──────── Dataset excerpt
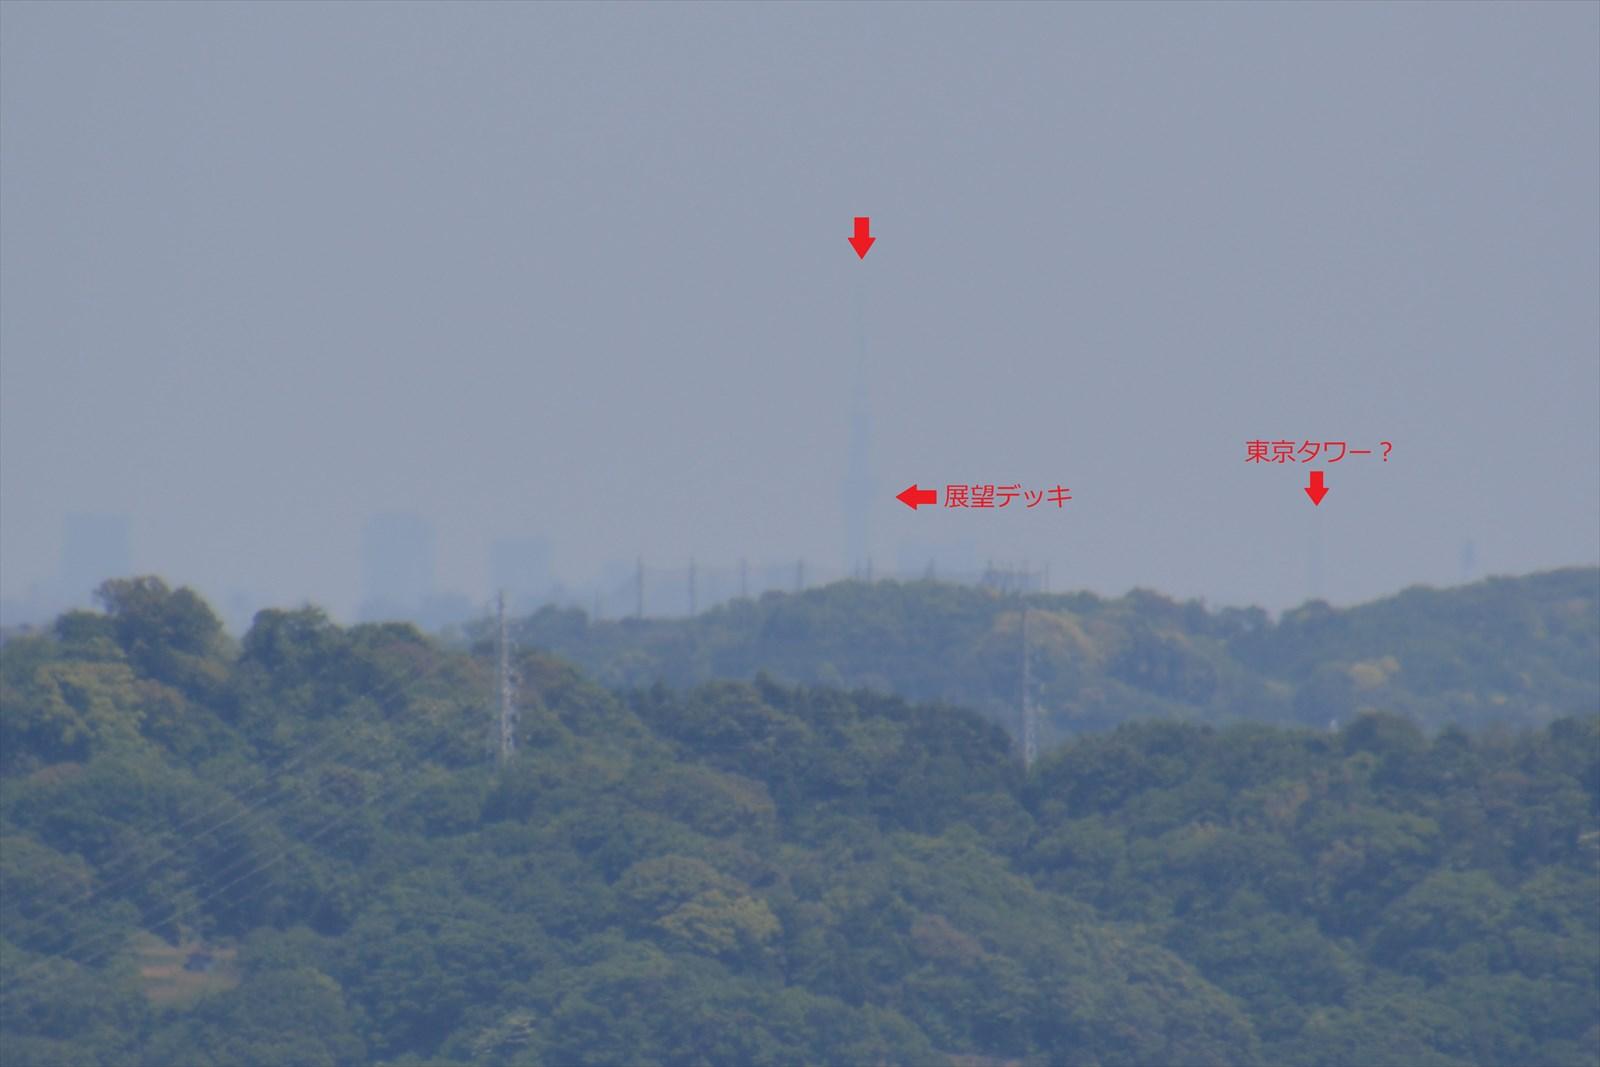 石垣山一夜城から見たスカイツリー5(更に拡大)
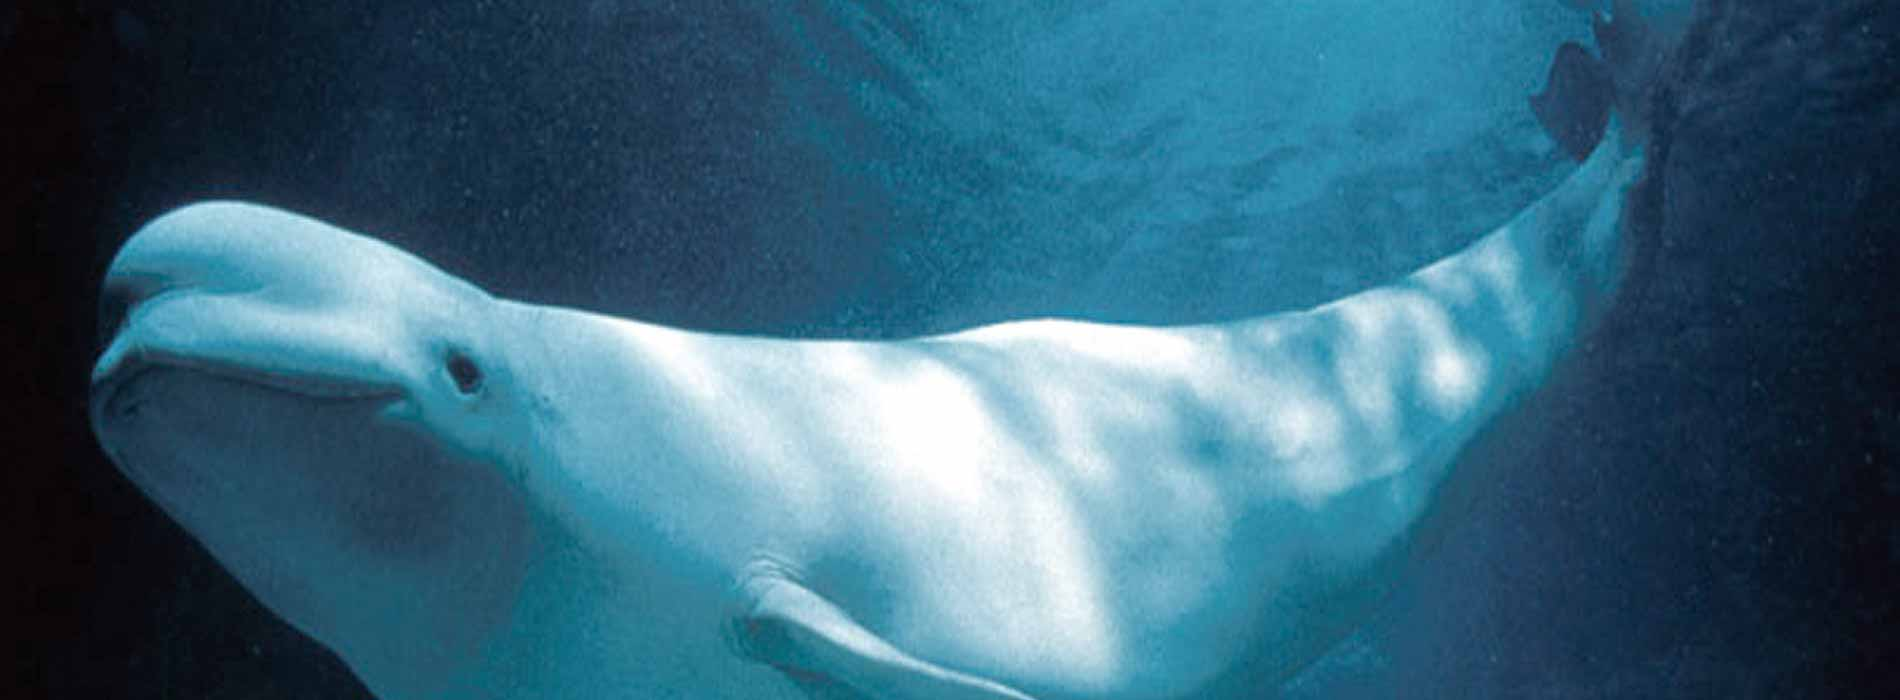 Beluga whale head
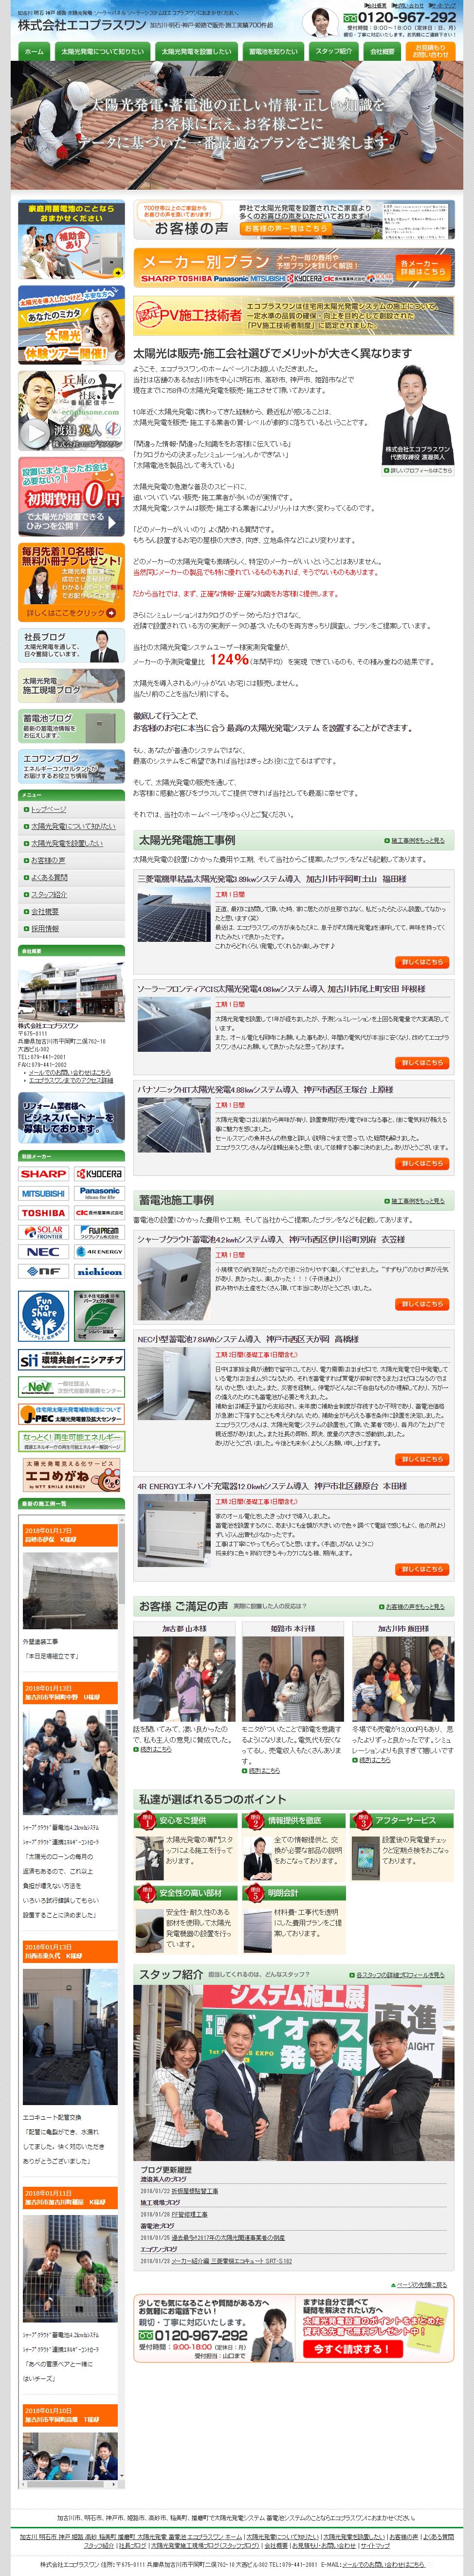 加古川市 株式会社エコプラスワン様 ホームページ制作1
────────────────
[Exercise goal] An unchanged copy of the listing, with no pictures, should be returned.

[Reply]
 石垣山一夜城から見たスカイツリー5(更に拡大)
 Beluga whale head
 加古川市 株式会社エコプラスワン様 ホームページ制作1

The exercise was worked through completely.